С трудом переставляя соломенные ноги, дрожащие в коленках, попадая в тупики и натыкаясь на кучи мусора, он кое-как прошёл на улицу в районе Таврического дворца. Остановил первую попавшуюся машину.

— Давай, — пробормотал, — гони…

Водитель посмотрел на бледное лицо.

— А вам куда?

— В Кресты.

Шофёр задумался на несколько мгновений. — В Кресты? Нет, извините, это далеко.

— Ну, хорошо… — Бледный, аж слегка позеленевший пассажир откинулся на заднем сидении. — Гони до ближайшей милиции!..

Глава 27

Гордый и непреклонный — как батя по молодости — двадцатидвухлетний Василир долго не ехал к отцу. Правая, горделиво вскинутая бровь его, доставшаяся в наследство от Фёдора Поликарловича, всякий раз возмущённо подрагивала, как только сын начинал размышлять про отца. Нет, ну в самом деле! С какой это стати он туда припылит? И что он ему скажет? «Сколько лет, сколько зим! Я схожу в магазин! Отмечать будем горькую встречу! Говорить будем сладкую речу!» Так, что ли? Да нет, стоит ли былое ворошить? Оно давным-давно поросло таким быльём — ни прополоть, ни выжечь. Так он думал — угрюмо, настырно, ещё сильнее вскидывая правую, горделиво задранную бровь. Но вскоре — совершенно неожиданно — произошла переоценка ценностей.

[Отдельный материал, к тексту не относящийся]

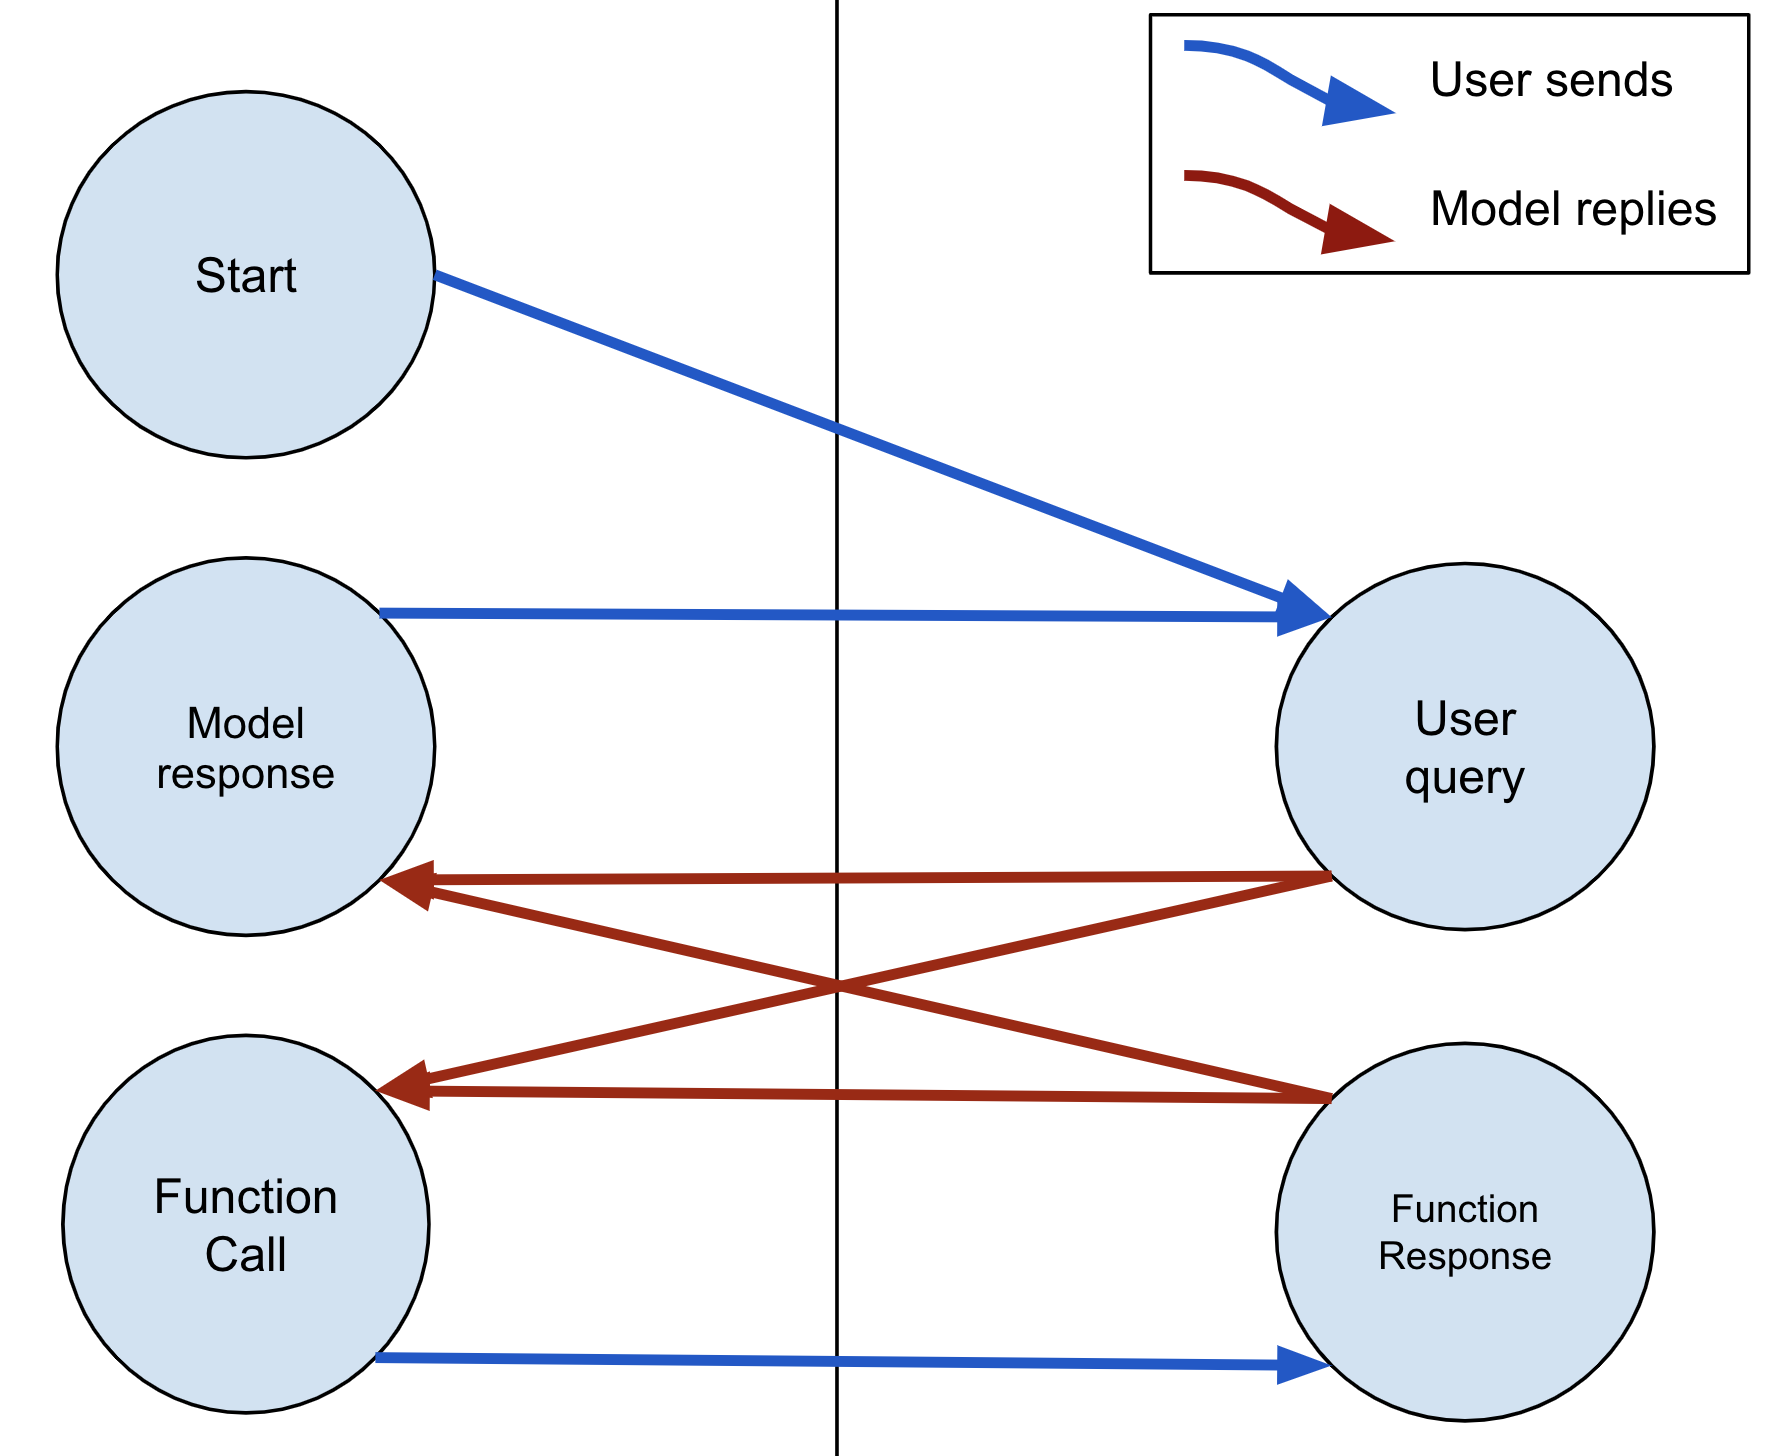 مدل همیشه می تواند با متن یا FunctionCall پاسخ دهد. اگر مدل یک FunctionCall ارسال کند، کاربر باید با یک FunctionResponse پاسخ دهد
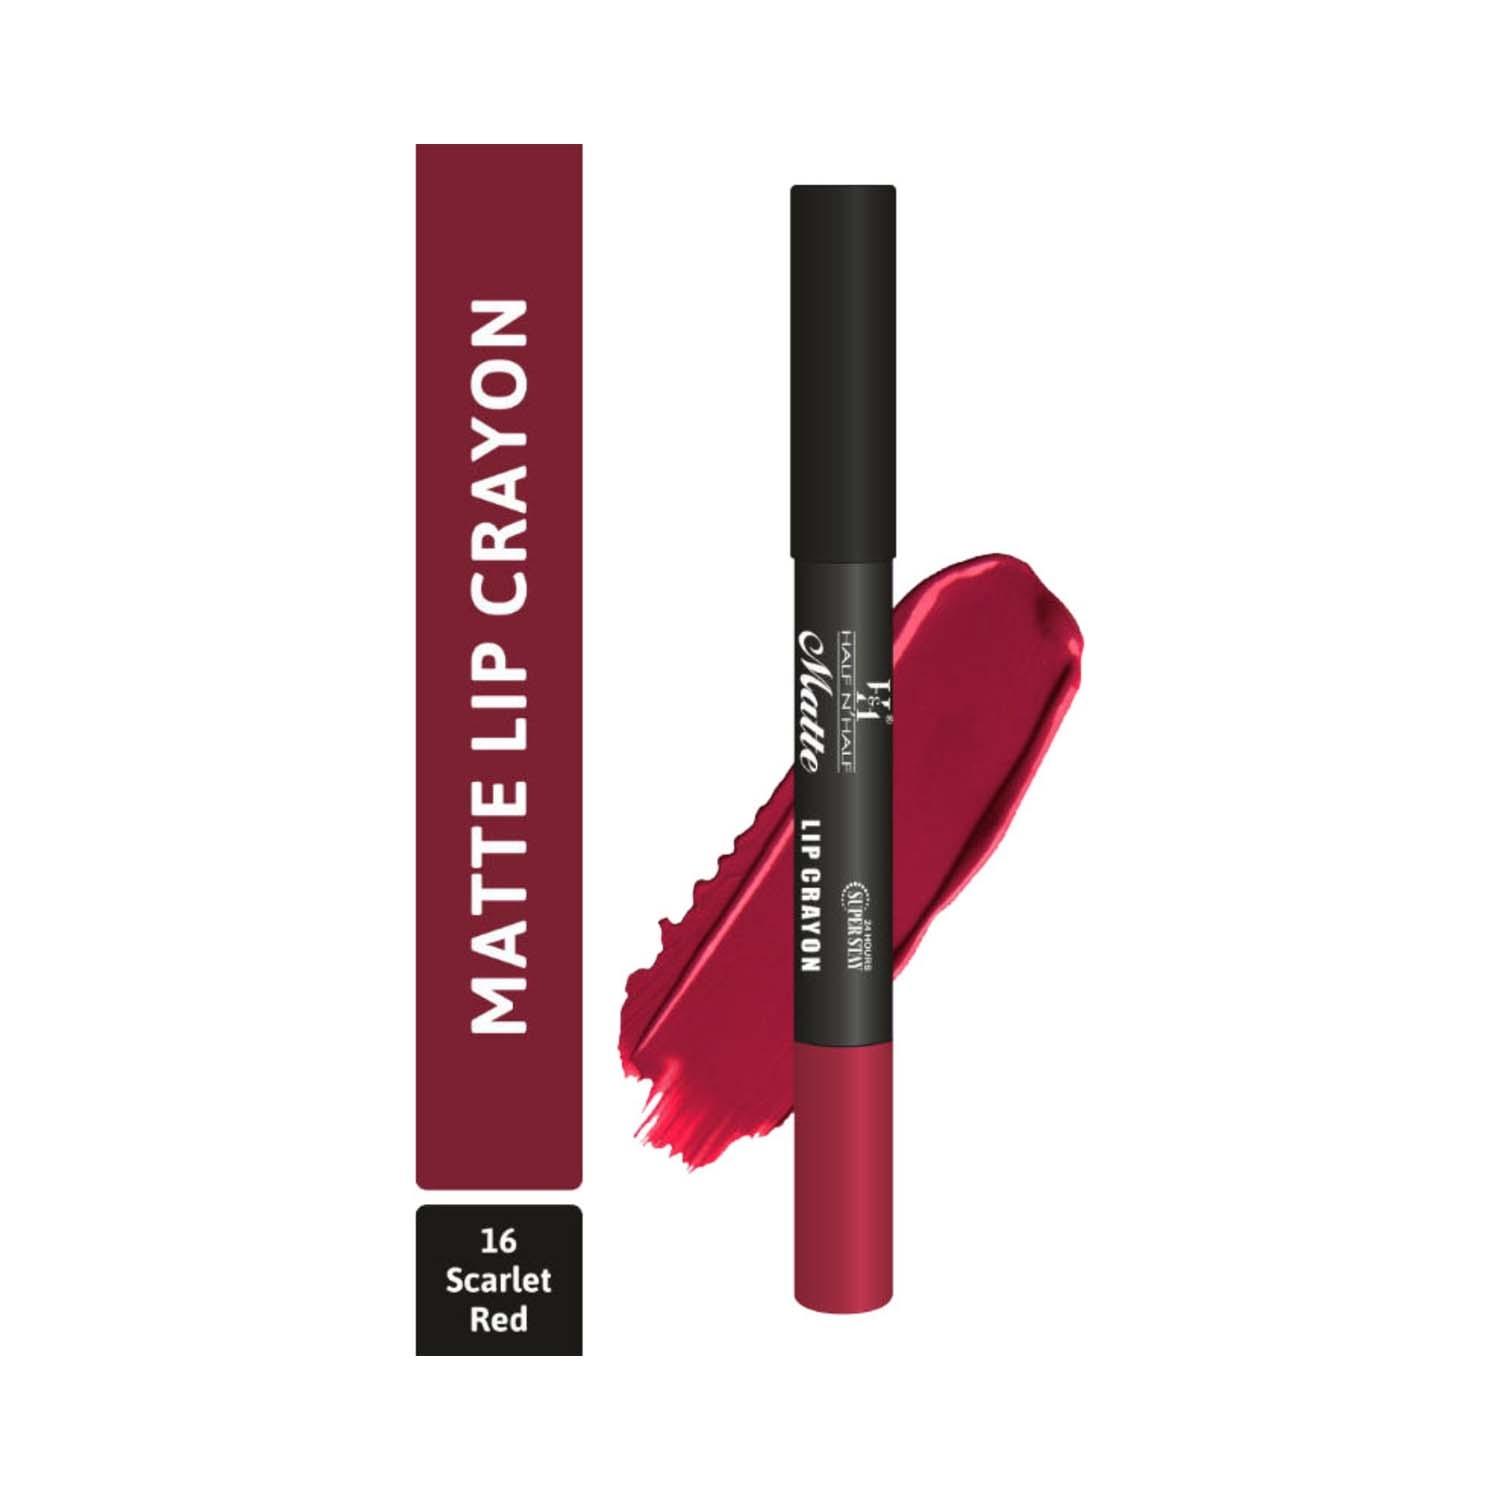 half n half matte velvet soft & long lasting 24h superstay lip crayon - 16 scarlet red (3.5g)

Был день рожденья матери — Веры Васильевны. Собрали скромный стол, посредине которого полыхал букет — подарок сына. Тихо-мирно посидели за ужином, поговорили по душам — хорошо, тепло и нежно разговаривали после рюмки легкого винца. Слово за слово и Вера Васильевна сказала что-то такое, что заставило парня насторожиться.

— Погоди! — Сын изумлённо развёл руками. — Ты же говорила, он сам туда уехал? В эту Тмутаракань…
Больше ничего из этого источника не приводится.